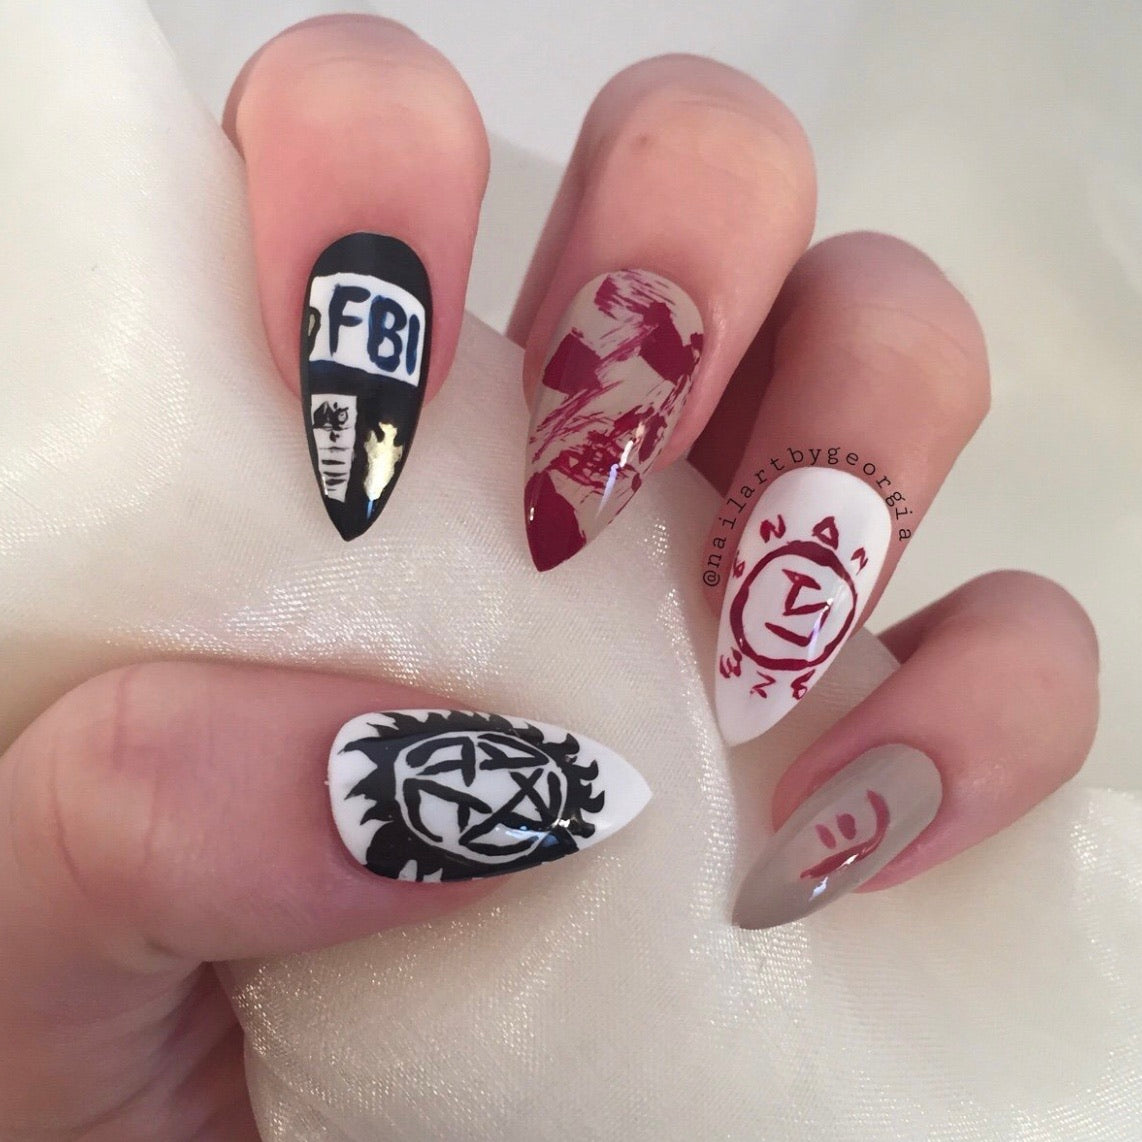 Supernatural themed stiletto nails
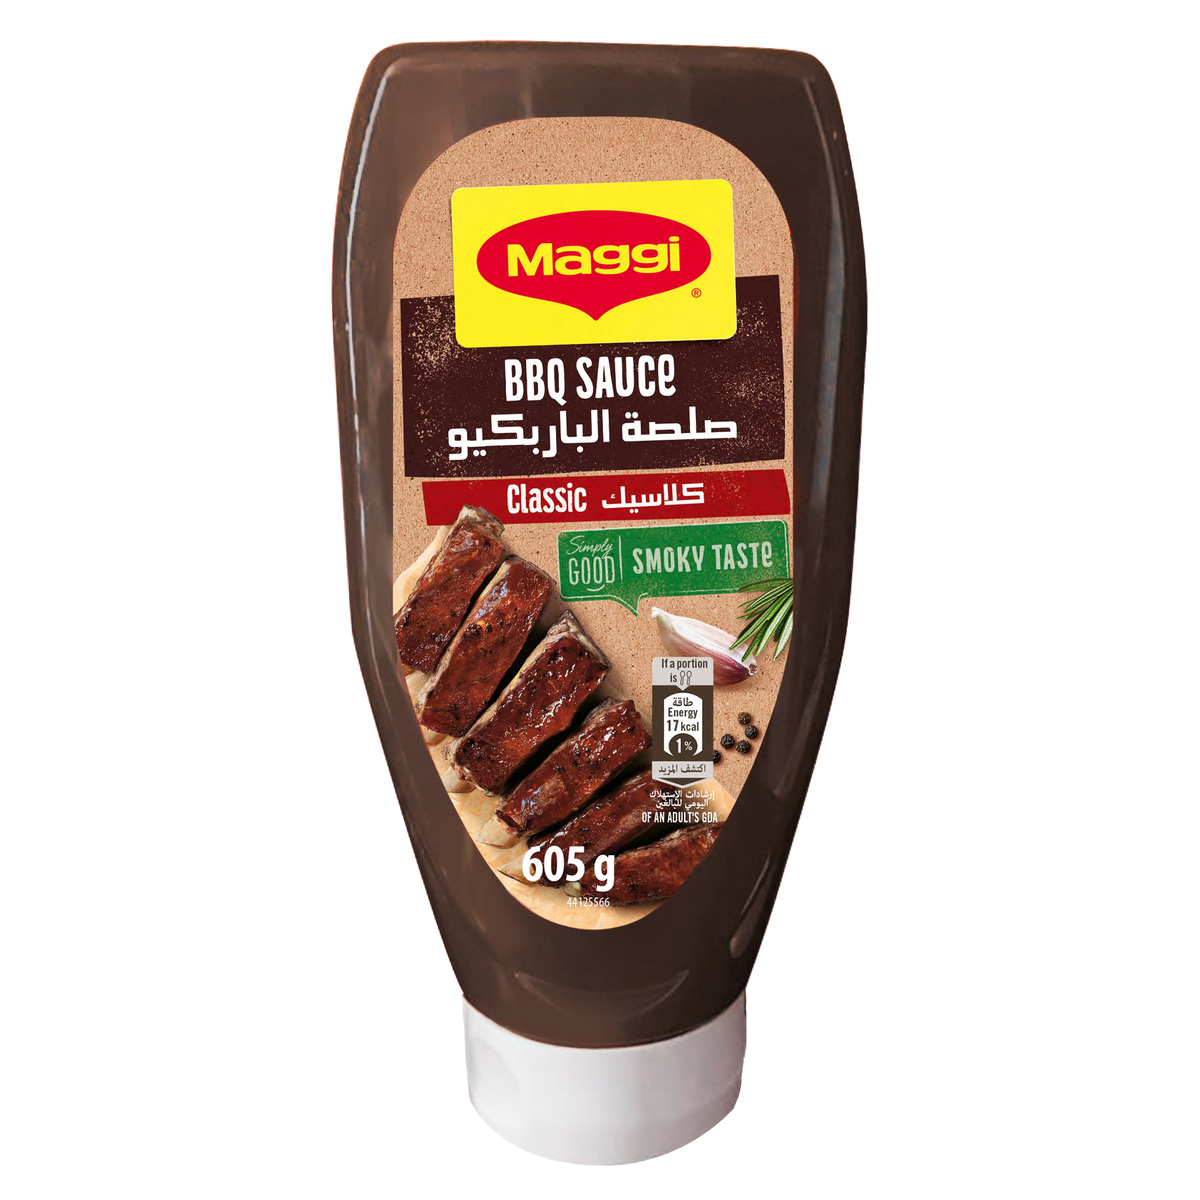 Maggi Barbeque Sauce 605g
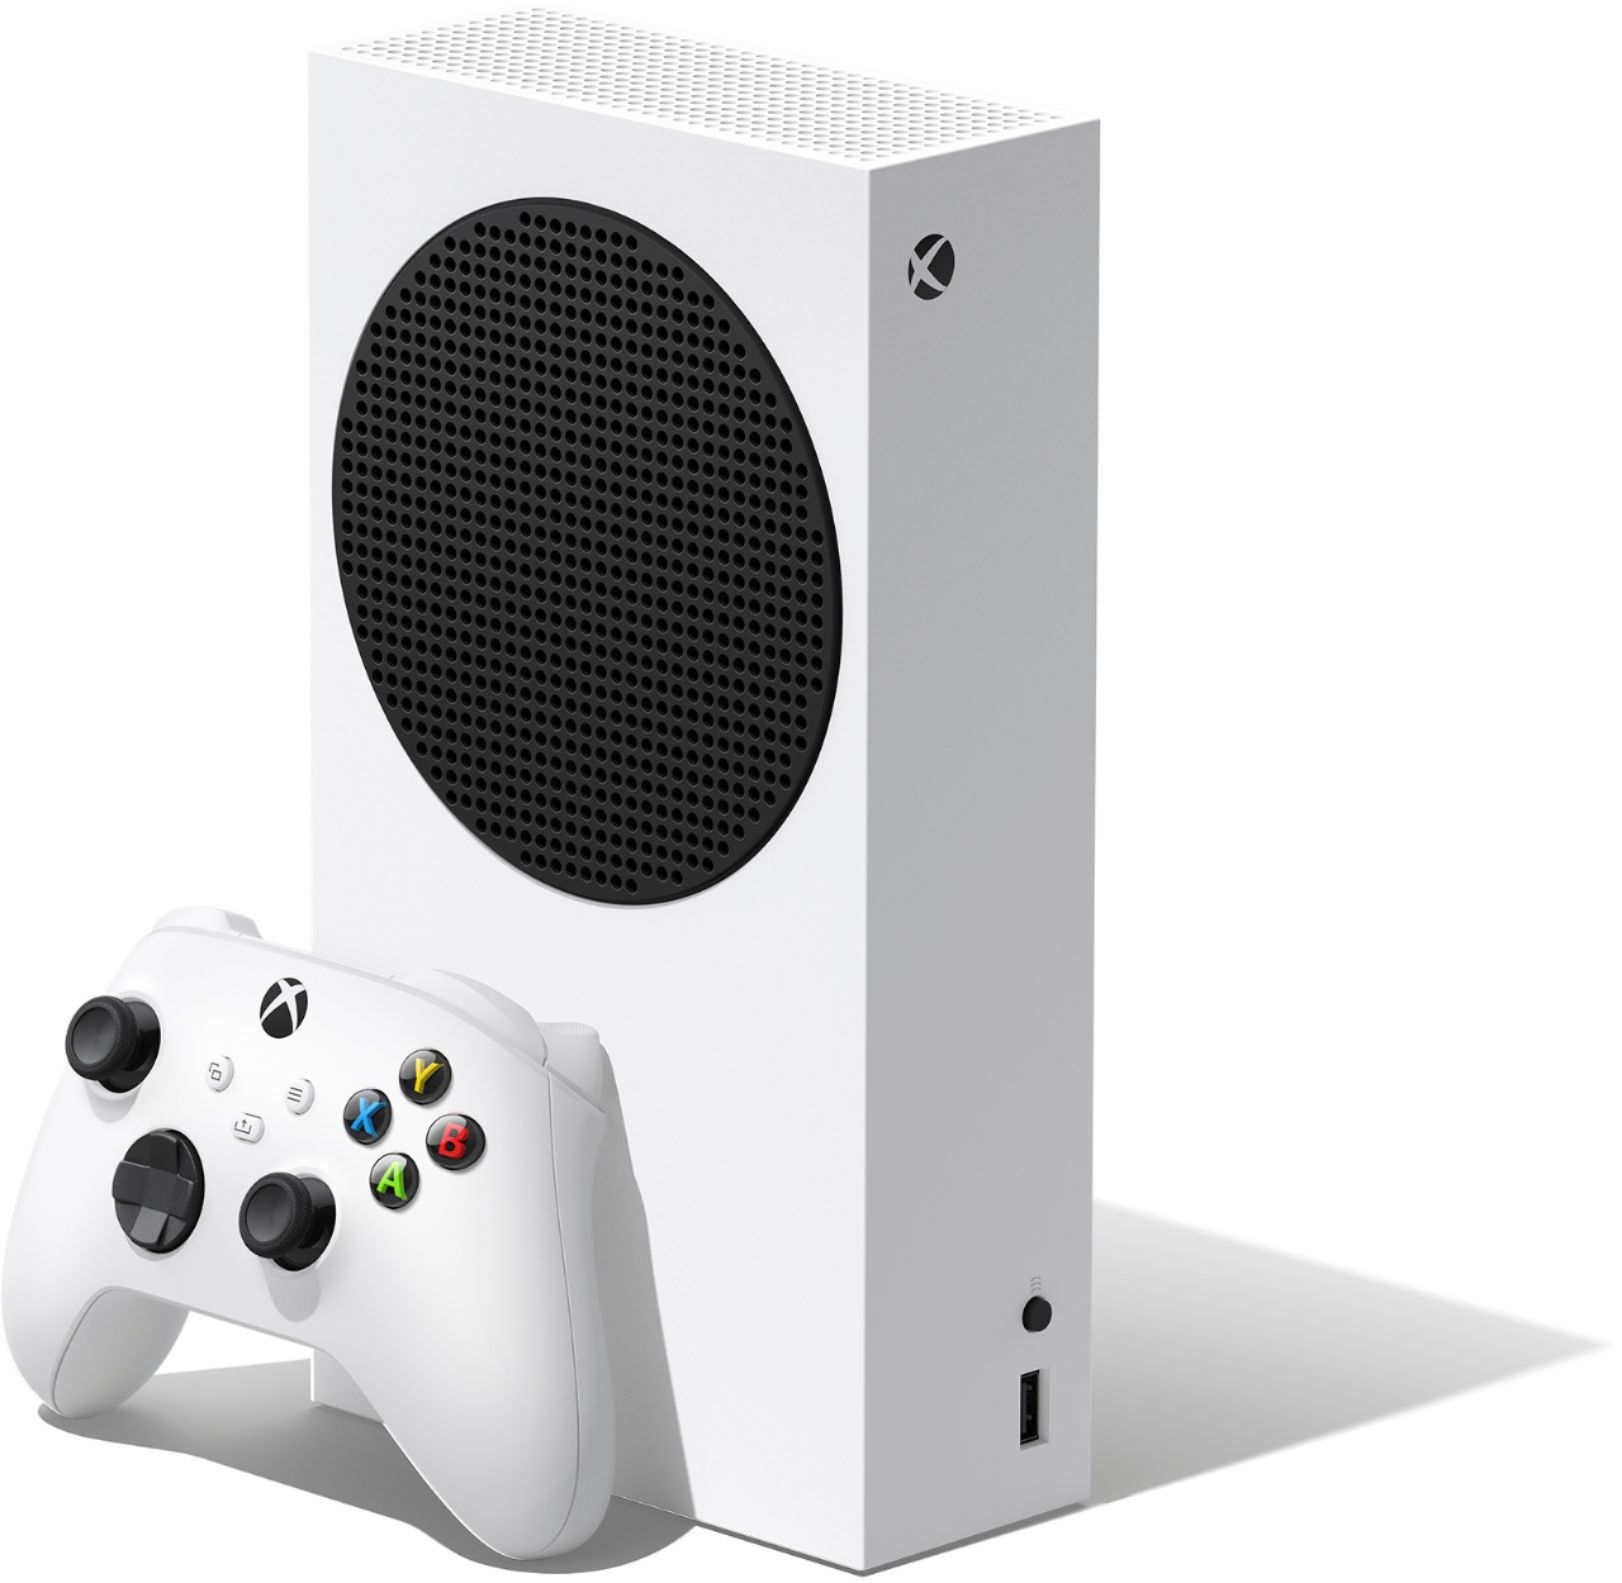 Microsoft Xbox Series S -VS- Xbox One S - Loading times - FORTNITE
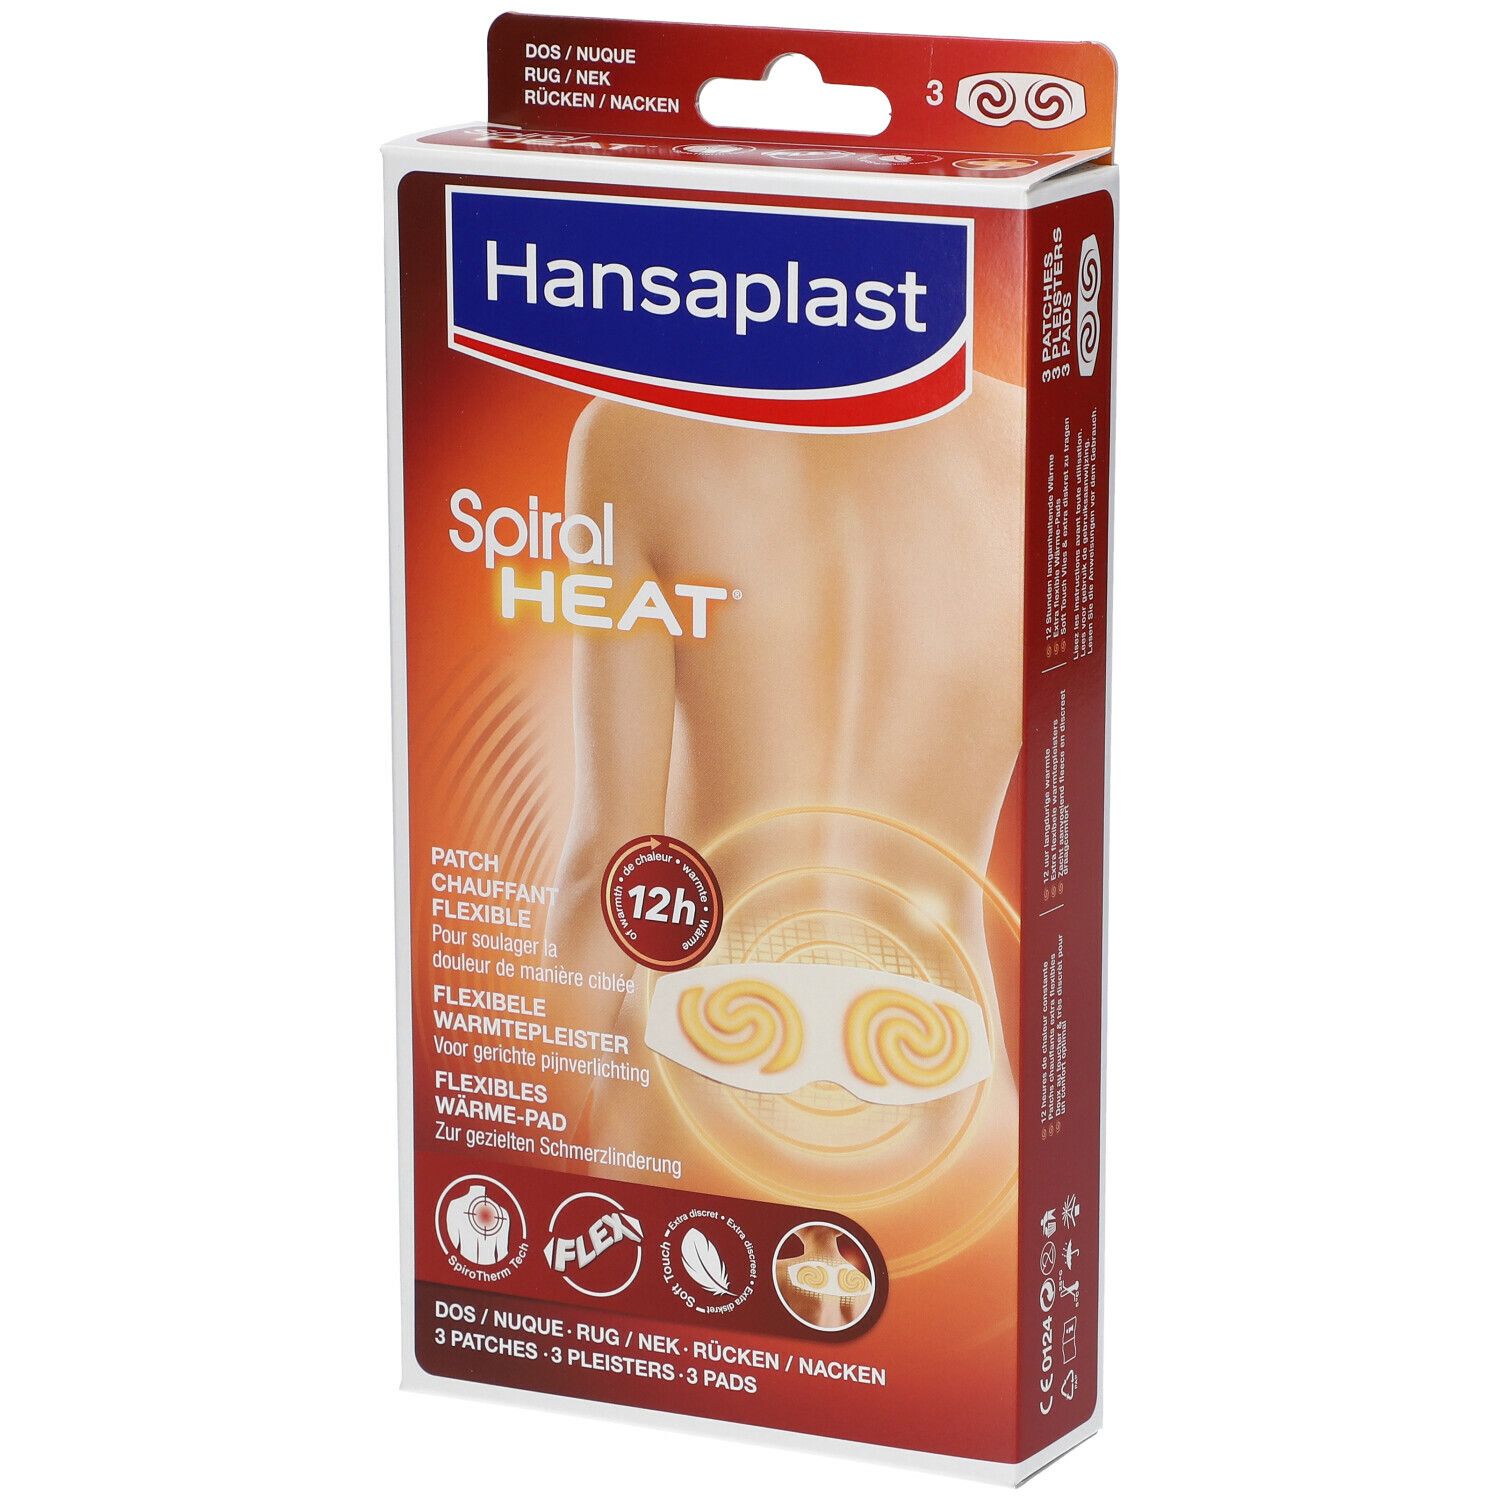 Hansaplast Spiral Heat­?? Dos & Nuque Patchs chauffants flexibles
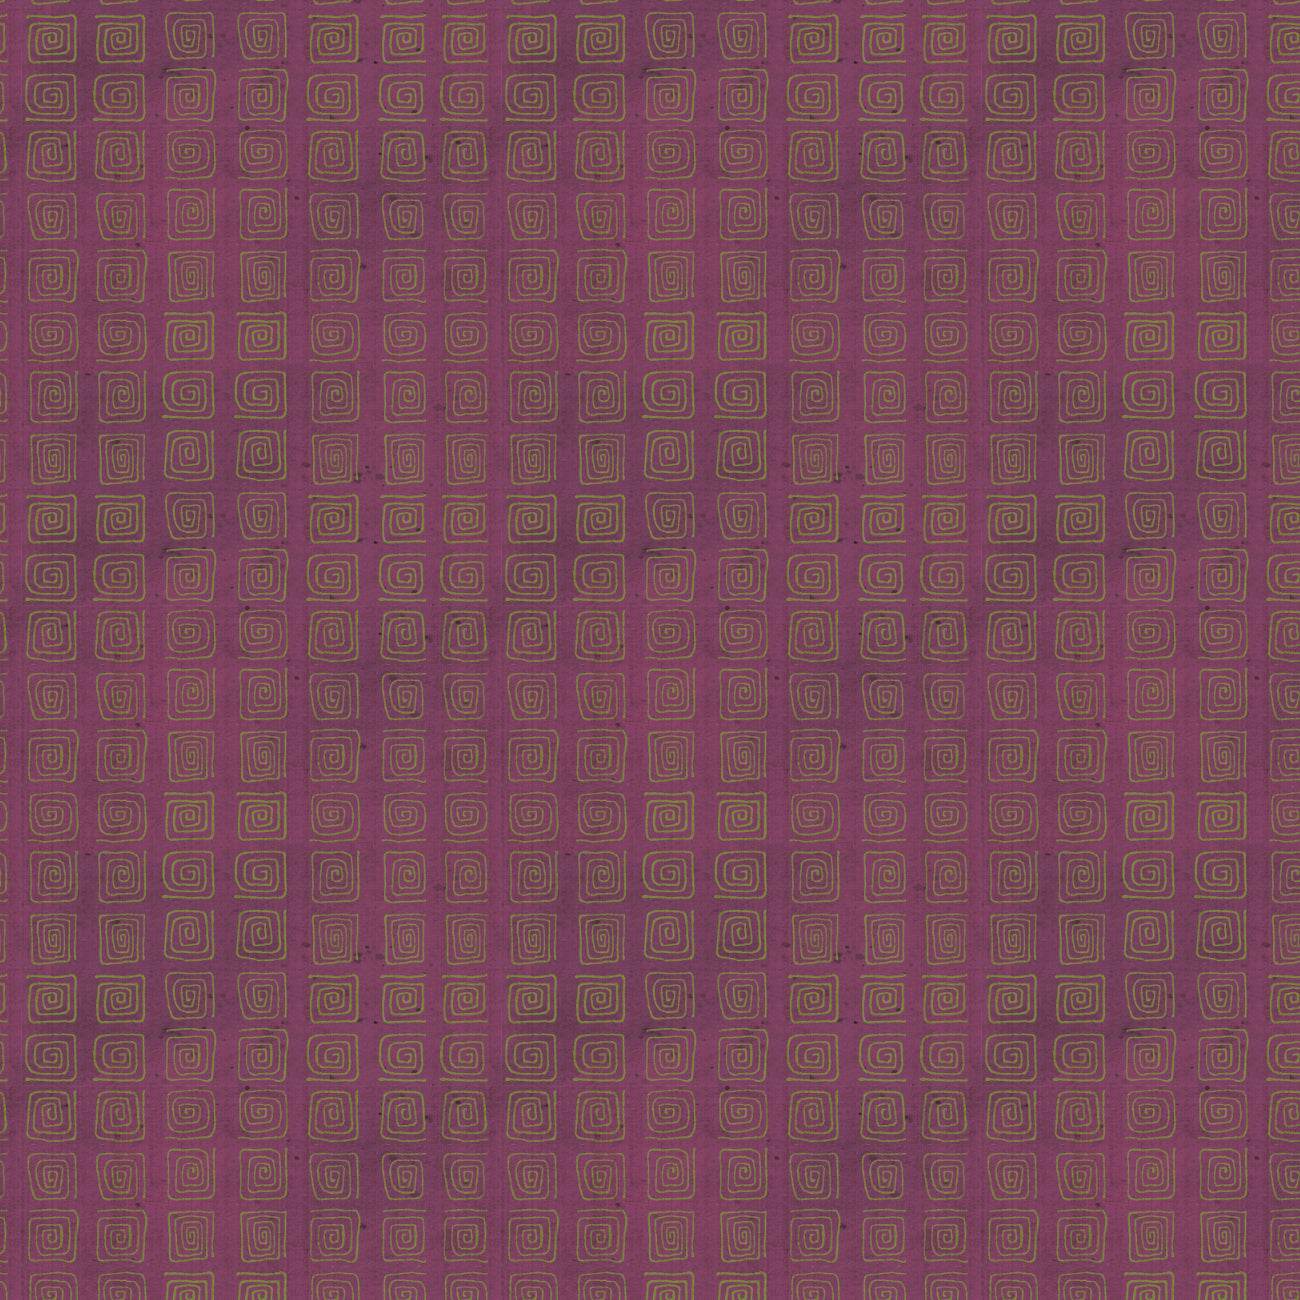 Aged Vineyard Collection-Trellis-100% Cotton-Purple-55230508-02

Goal of the exercise: Copy out all the data exactly. No images belong in the copy.

Exercise solution:
 Supernatural themed stiletto nails
 Maggi Barbeque Sauce 605g
 Microsoft Xbox Series S -VS- Xbox One S - Loading times - FORTNITE
 Hansaplast Spiral Heat­?? Dos & Nuque Patchs chauffants flexibles
 Aged Vineyard Collection-Trellis-100% Cotton-Purple-55230508-02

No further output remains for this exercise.